Visa, Mastercard and big banks “are revisiting their [credit card] rewards programs to cater to younger customers who want to use their cards to build wealth or get out of debt—not just rack up perks. Fintech upstarts are offering niche rewards to better compete against the established players. Here are five reward offerings you’re likely to see in the coming years, according to card industry executives and fintech firms.”

Payday at PayPal

PayPal awarded CEO Dan Schulman “shares worth $31.3 million last week, a sum that exceeds his annual compensation most years, after the company’s stock price skyrocketed during the coronavirus pandemic. The run-up in the financial-technology company’s stock triggered the pay out of one-third of a special performance-based share package Mr. Schulman was granted in 2018. PayPal was one of the beneficiaries of the acceleration of e-commerce and digital payments last year, with the number of active PayPal accounts increasing 24% to 377 million and the total volume of payments processed on its platform in 2020 expanding 31% to $936 billion.”

Financial Times

Is it worth it?

“Deferred gratification is the worst kind,” an FT columnist argues in his analysis of recent reports that junior investment bankers at Goldman Sachs are working ridiculous hours now in order to reap big benefits later on in their careers.

“The ageing process has convinced me of one thing above all. The deferral of gratification is the easiest life mistake to make. And by definition among the least reversible. A unit of leisure is not worth nearly as much in late or even middle age as it is in one’s twenties. To put it in Goldman-ese, the young should discount the future more sharply than prevailing sentiment suggests.”

New York Times

‘Underserved’ by PPP

The Paycheck Protection Program “has turned into the largest small-business support program in American history, sending $734 billion in forgivable loans to struggling companies. The program helped nearly seven million businesses retain workers. But it has also been plagued by complex, changing rules at every stage of its existence.

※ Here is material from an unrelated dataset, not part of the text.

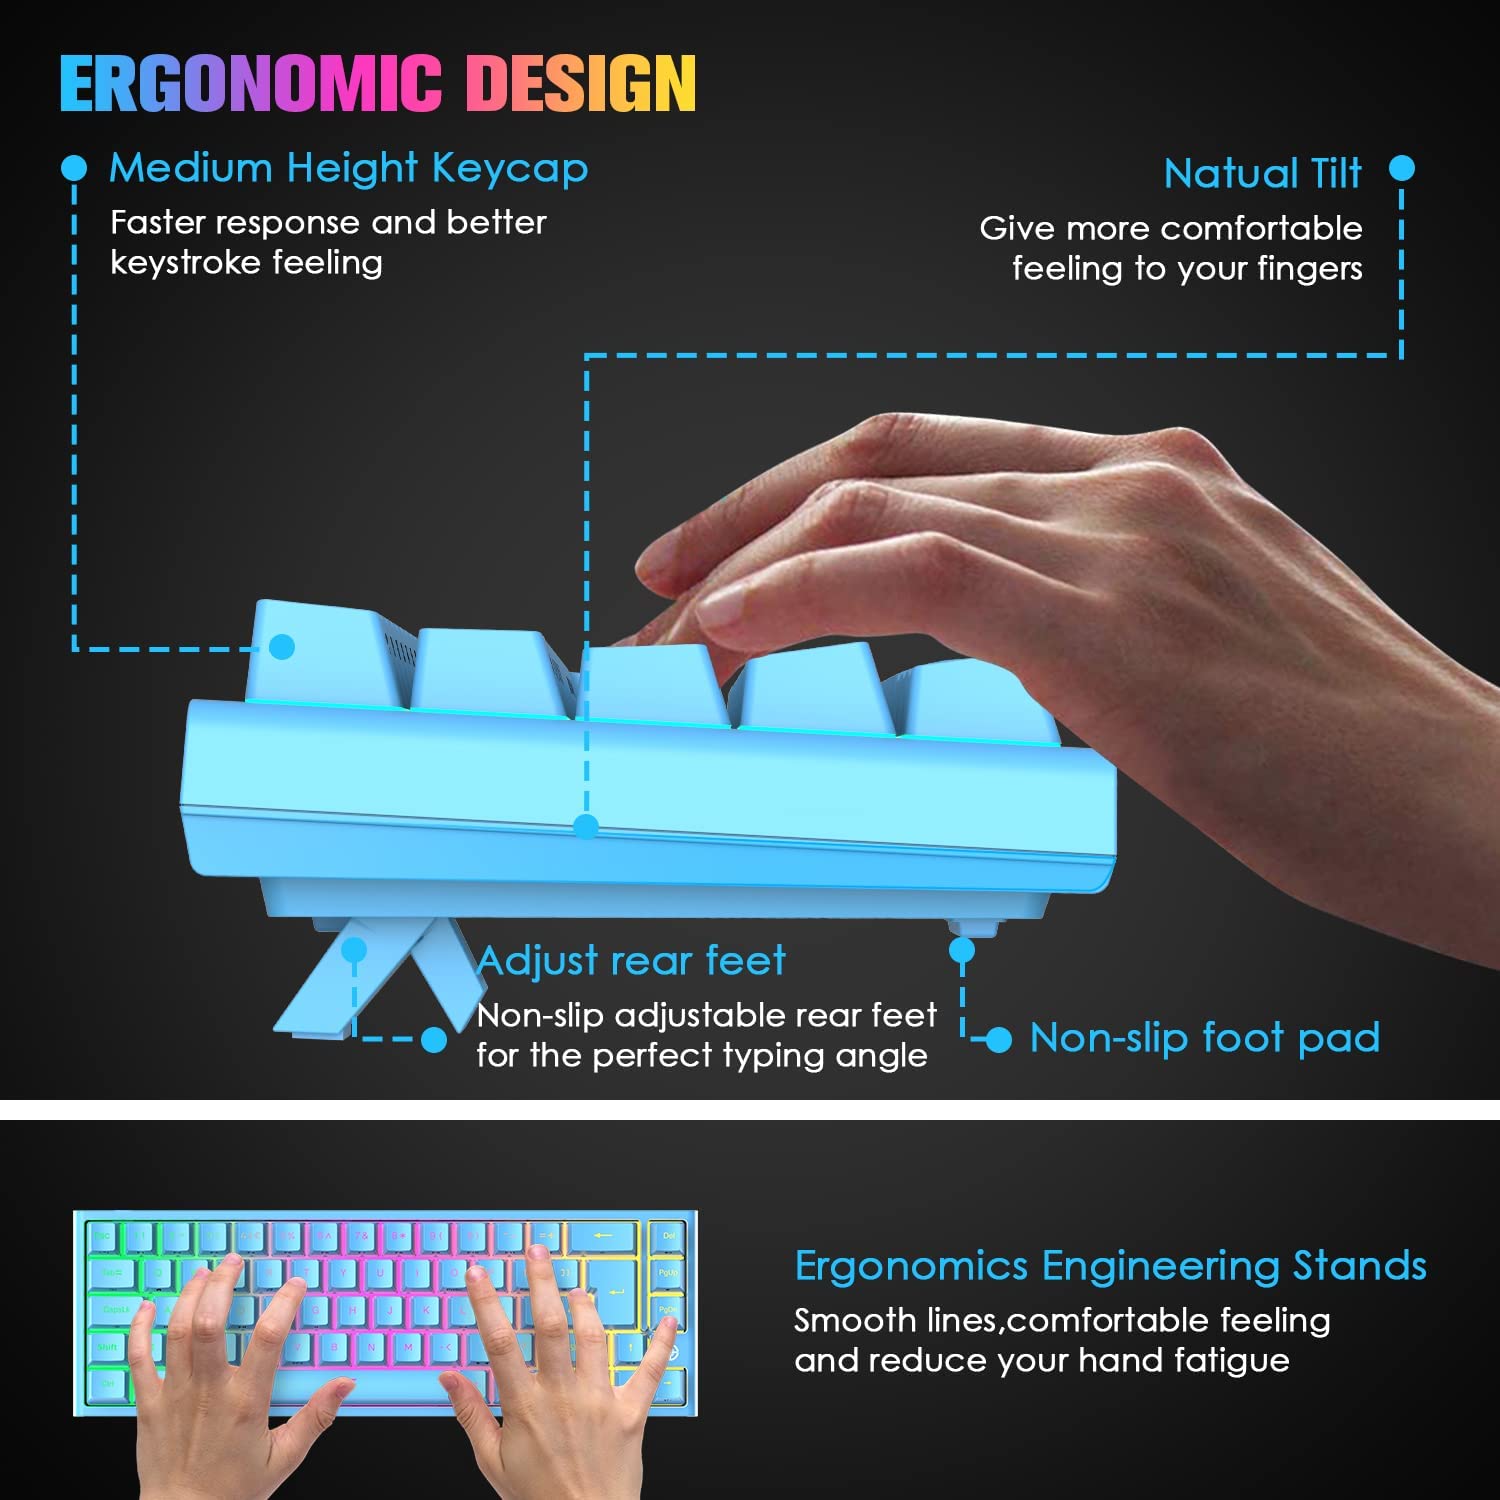 MAGIC-REFINER MK26 60% Gaming Keyboard,RGB Chroma Backlit Wried Ultra-Compact Mini Mechanical Keyboard 68 Key for PC, MAC, PS4

And one year in, it has become clear that the program’s hasty rollout and design hurt some of the most vulnerable businesses.”

“A New York Times analysis of data and interviews with dozens of small businesses and bankers show that Black- and other minority-owned businesses were disproportionately underserved by the relief effort, often because they lacked the connections to get access to the aid or were rejected because of the program’s rules.”

Quotable

“Limited housing supply, low rates, a global reach for yield, and what we’re calling the institutionalization of real-estate investors has set the stage for another speculative investor-driven home price bubble.” — Real estate consultant John Burns, on why it’s so expensive and difficult to buy a house in today’s market.